Don't Stop Me From Pasting Passwords
Heya,
Whether you are copying a password from a password manager or copying a presentation to tweak, the copy/paste concept is so foundational to modern user interfaces that it’s shockingly frustrating when it doesn’t work.
I recently was logging into Zwift, a consumer application I use to ride my bike indoors. I was first surprised, then frustrated when I tried to copy my password from my password manager into the application.
I ended up having to copy my password into a terminal window, then type it in manually. I had to do it 3-4 times because I mistyped it, and even did a password reset.
Now, I use a password manager so I can have long, unique, complex passwords tied to each application I use that I don’t need to remember. These application specific passwords are all protected by the password manager and one memorized complex password (which is also backed up physically and stored securely, “just in case”).
With a password manager, if one application’s database includes passwords and gets compromised, all my other accounts are not affected.
The lack of copy/paste support was frustrating enough that I posted about it on bluesky, meme included.
Here are the reasons why this is a bad idea:
a user can’t easily use a password manager, which means your users who do use one get a degraded experience
this encourages weaker passwords; if I have to type it in, I’m going to use a shorter password and might re-use one
it frustrates your users right when you don’t want to--when they are trying to get into your application
security is not actually improved; if an attacker has compromised a user’s clipboard, it’s game over anyway (bonus you can configure most password managers to clear the clipboard)
Why might you want to allow this? I can only think of two reasons:
your compliance auditor or the specifications they reference haven’t caught up with the times (probably why someone guessed it was a bank)
you don’t trust password managers and want to discourage their use
If you are in the first bucket, I’m sorry. Please mention it to your auditor as a frustrating user experience. If you can, track paste attempts to have some data on how your users are being frustrated.
If you are in the second bucket, here’s data that might change your mind. This is well-established research and newer studies still rely on decades-old findings:
From a 2014 paper, cited by a 2019 paper: “Users have too many passwords, and users have difficulty matching their passwords to accounts. These problems lead users to insecure coping mechanisms such as picking passwords that are memorable but easy for attackers to guess, reusing passwords across multiple accounts, and writing passwords down.”
From a 2012 paper, cited by a 2022 paper: “… passwords are often easy for attackers to compromise.”
From a 2024 report: “Users with password managers were less likely to experience identity theft or credential theft in the past year compared to those without (17 percent vs. 32 percent).”
Of course there are occasionally password managers that have issues, but you don’t stop sending email because some folks phish. Instead, you do your due diligence before replying. Users should do the same with a password manager.

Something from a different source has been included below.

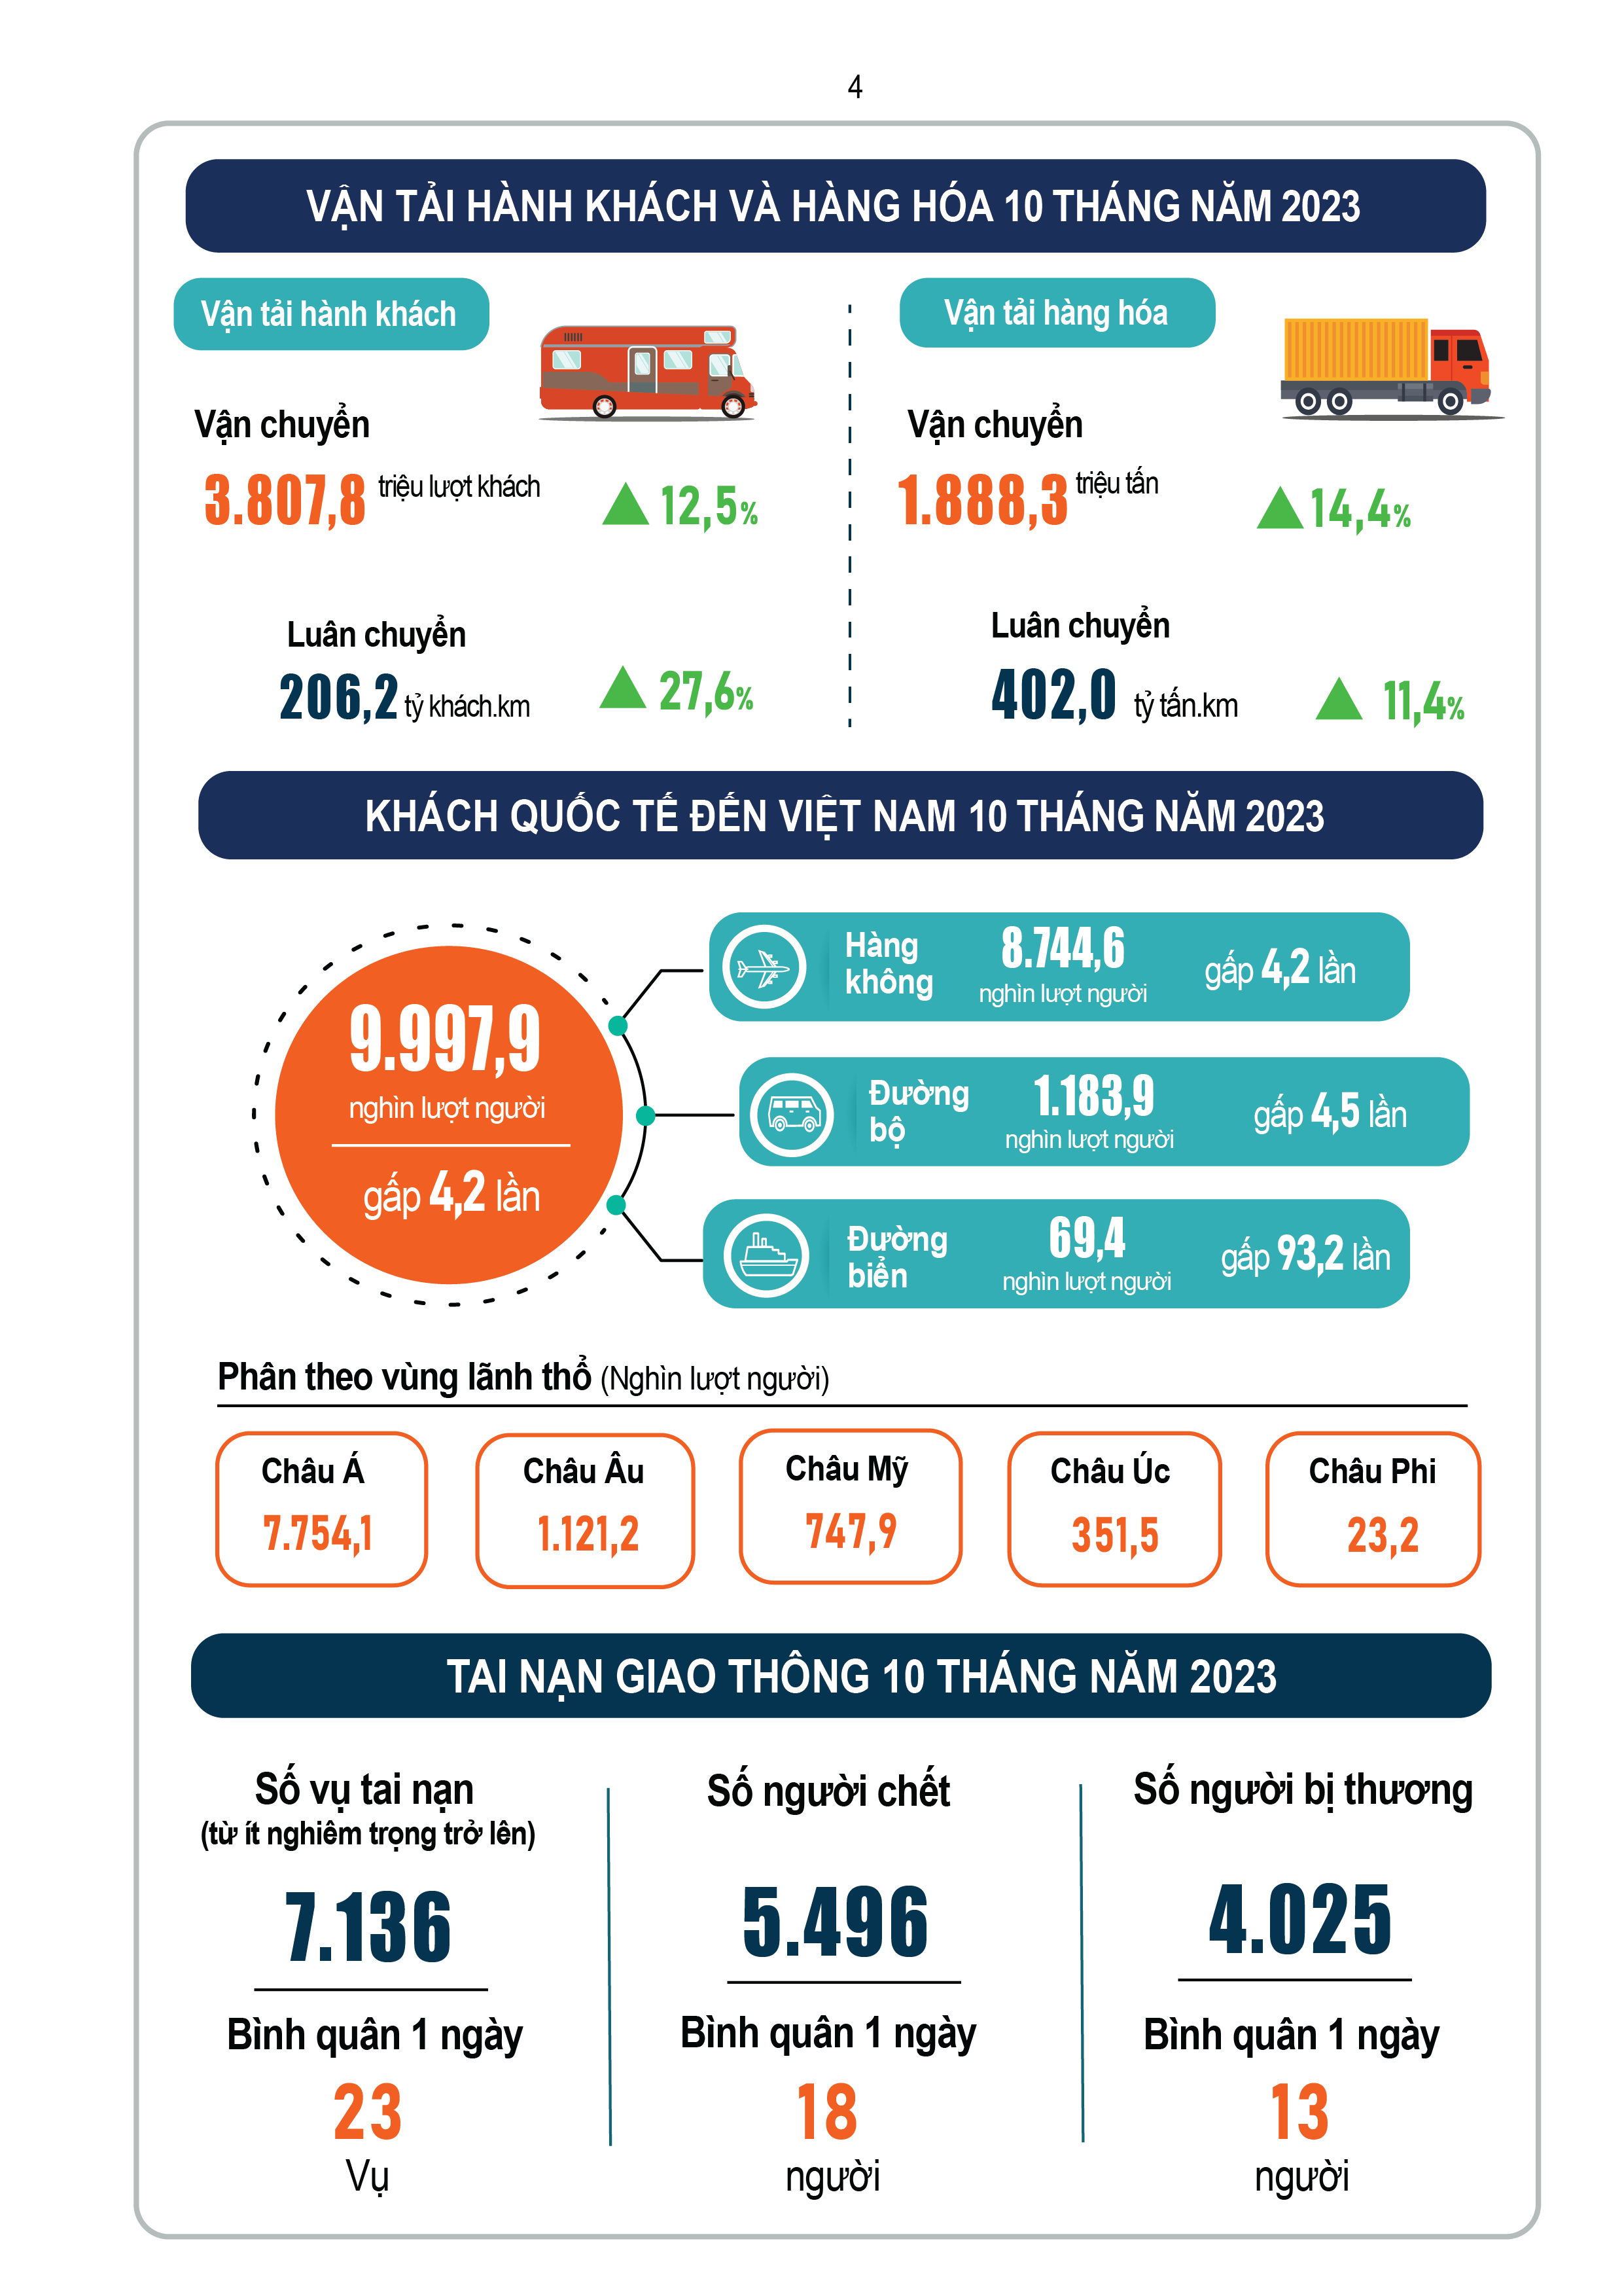 Infographic tình hình kinh tế - xã hội tháng 10 và 10 tháng năm 2023 - Viet Nam Smart City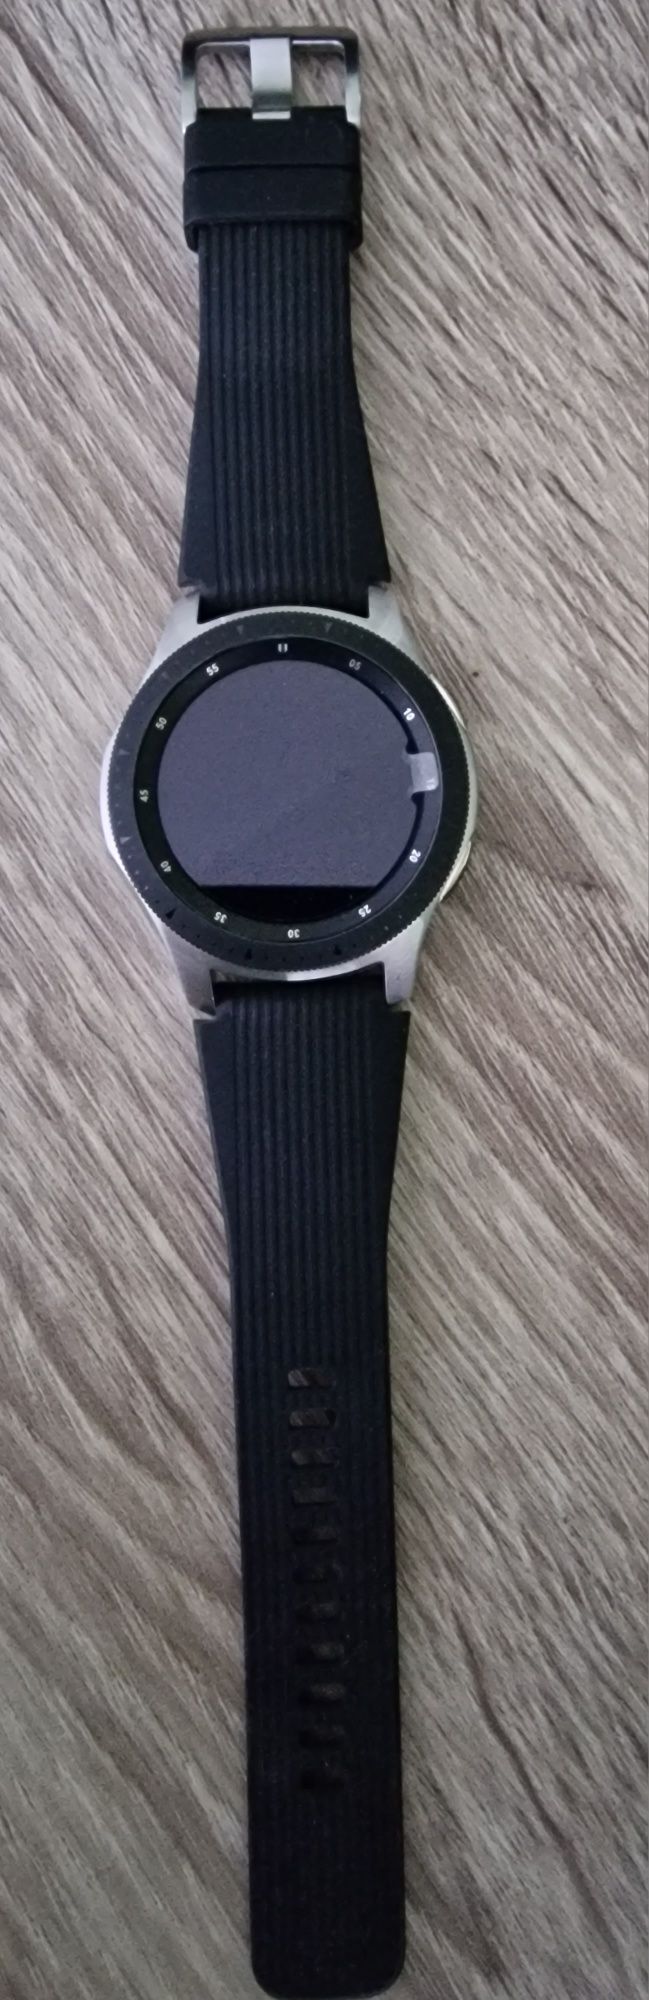 Smart watch Samsung 46mm jak nowy kilka razy użyty

Finally, disallowing paste is discouraged by the NIST guidelines:
Verifiers SHALL allow the use of password managers and autofill functionality. Verifiers SHOULD permit claimants to use the “paste” function when entering a password to facilitate password manager use when password autofill APIs are unavailable. Password managers have been shown to increase the likelihood that subscribers will choose stronger passwords, particularly if the password managers include password generators.
If you don’t speak NIST-ese:
verifiers are entities authenticating users
SHALL means allowing password managers is required for spec compliance
SHOULD indicates a strong recommendation
Please, stop blocking copy/paste of passwords.